# Soil tests analysis?



## bassadict69 (Apr 2, 2018)

Is there a section here for members to analyze soil test results like over on the other forum?


----------



## Ware (Jan 28, 2017)

bassadict69 said:


> Is there a section here for members to analyze soil test results like over on the other forum?


Welcome to TLF!

We do not have a dedicated thread or subforum for soil tests. There are a few TLF members who are degreed in this field, but the vast majority of us are just amateurs with an interest in all things turfgrass. Most of us have self taught understandings of turf cultivars, amendments, soil testing, herbicides, turf equipment, etc - but the one thing we all have in common is a willingness to share information so that everyone gets smarter together.

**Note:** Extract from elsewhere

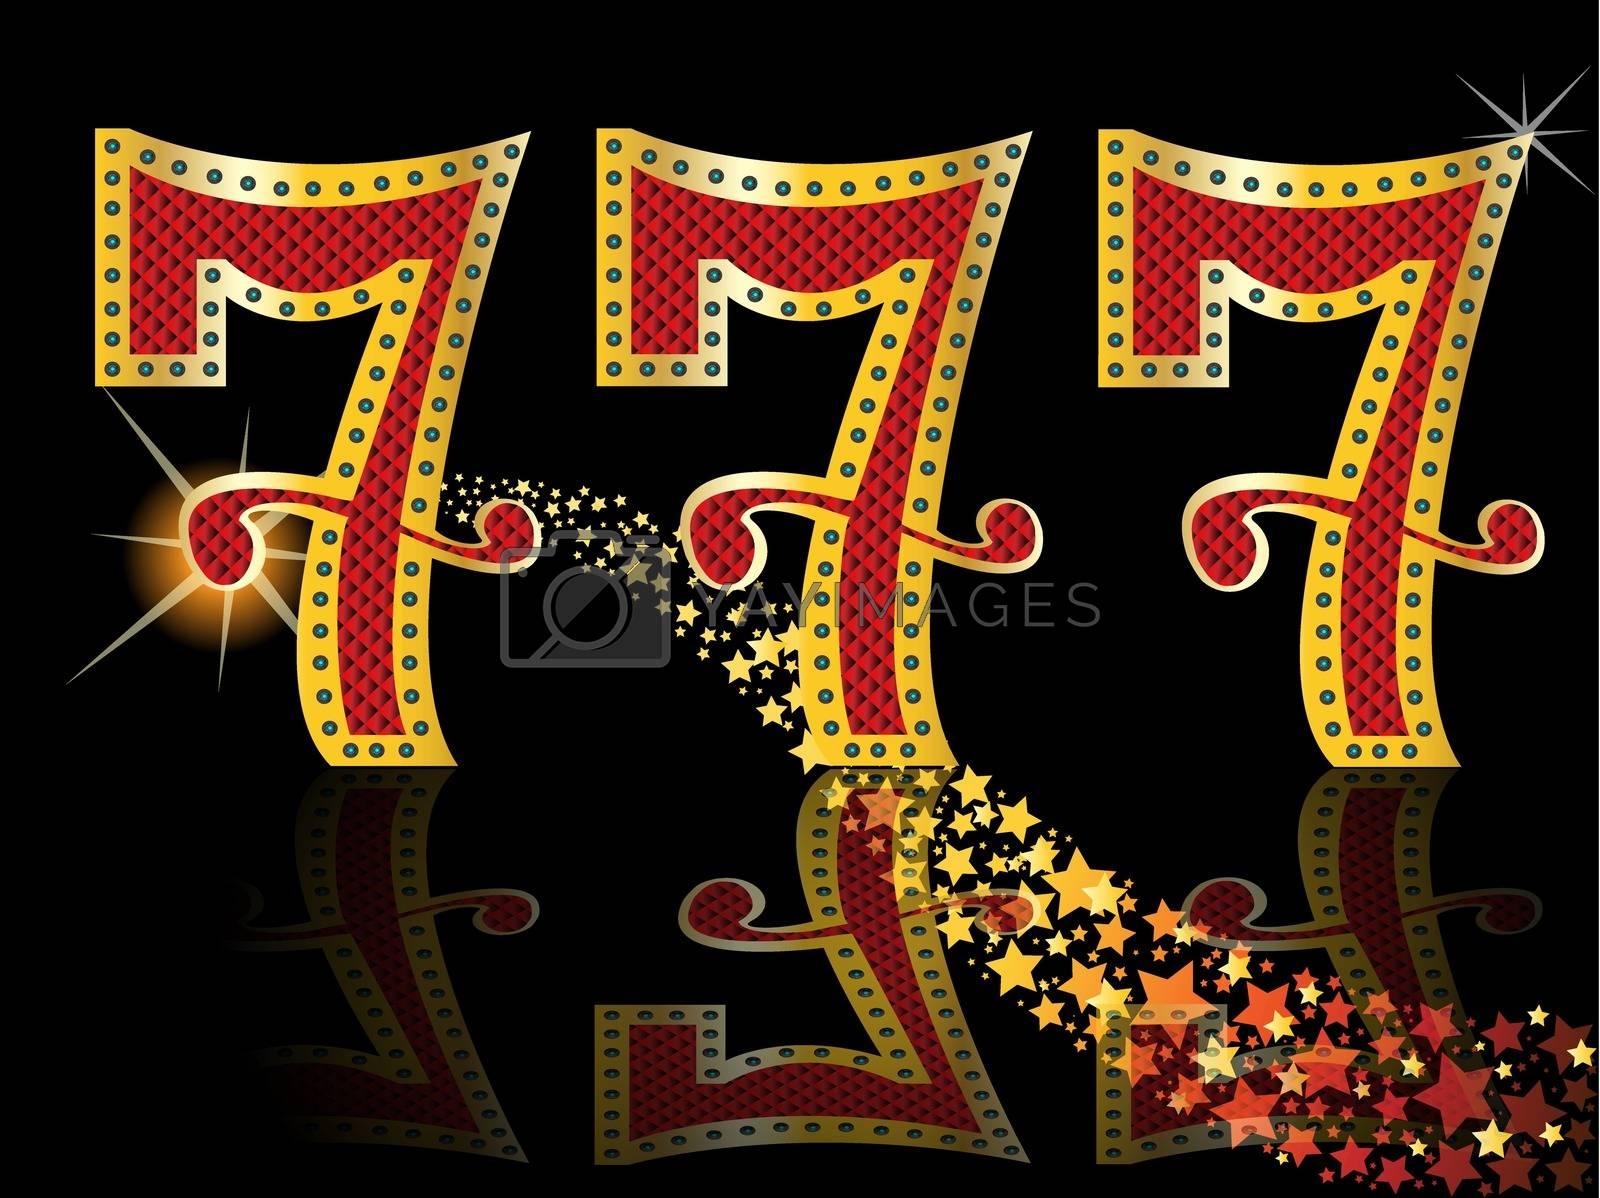 777 Casino Slot Design Lucky Seven Slot Machine Font Royalty Free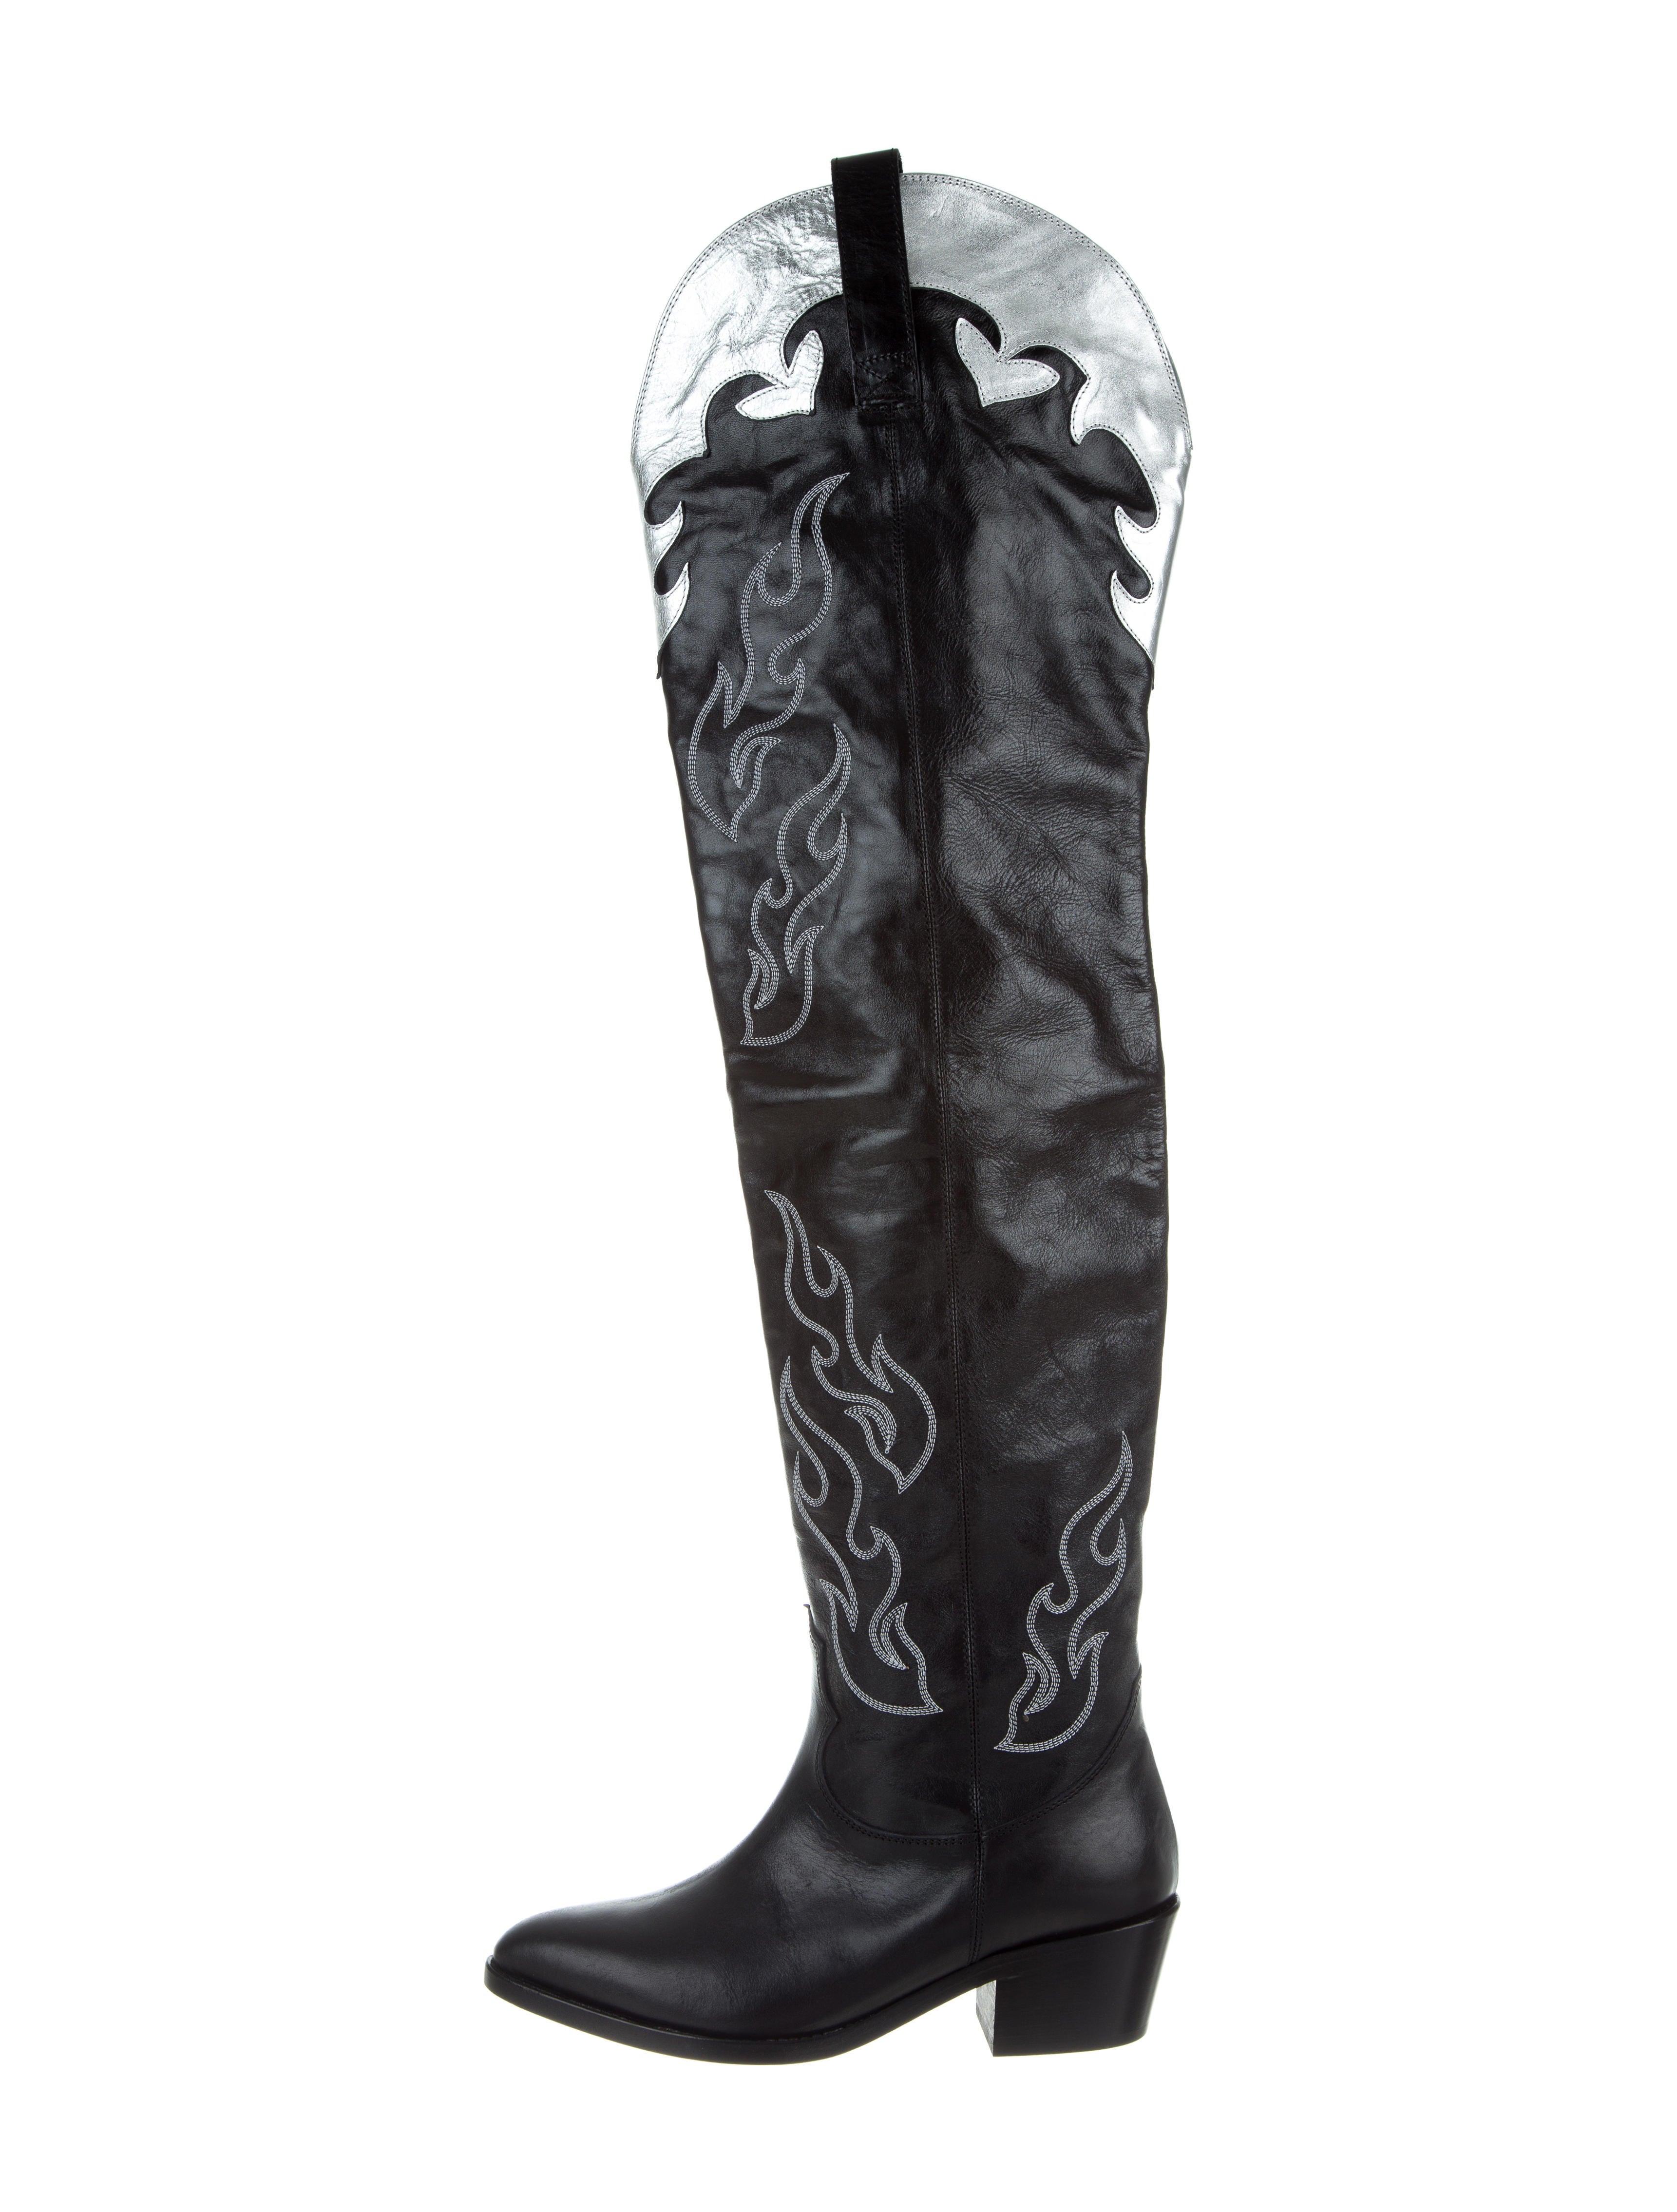 Chiara Ferragni Thigh High Cowboy Boots W Tags Shoes

I would suggest you start a personal "my lawn thread" here in the warm season subforum (or just edit the title and use this thread) and post your soil test results. That way you can keep a journal of what you've done to your lawn for future reference. There are no "wizards" here, but I'm sure you will receive some great input regarding your test results and answers to your questions about amending your soil. Members will be happy to help you understand your soil report, but the decisions will ultimately be yours to make. :thumbup:

In the meantime, here a few great threads to get you started in the right direction:

Waypoint Soil Test
How to interpret a Logan Labs Soil Report
Ridgerunner's Soil Test Thread​


----------



## bassadict69 (Apr 2, 2018)

Thanks Ware!


----------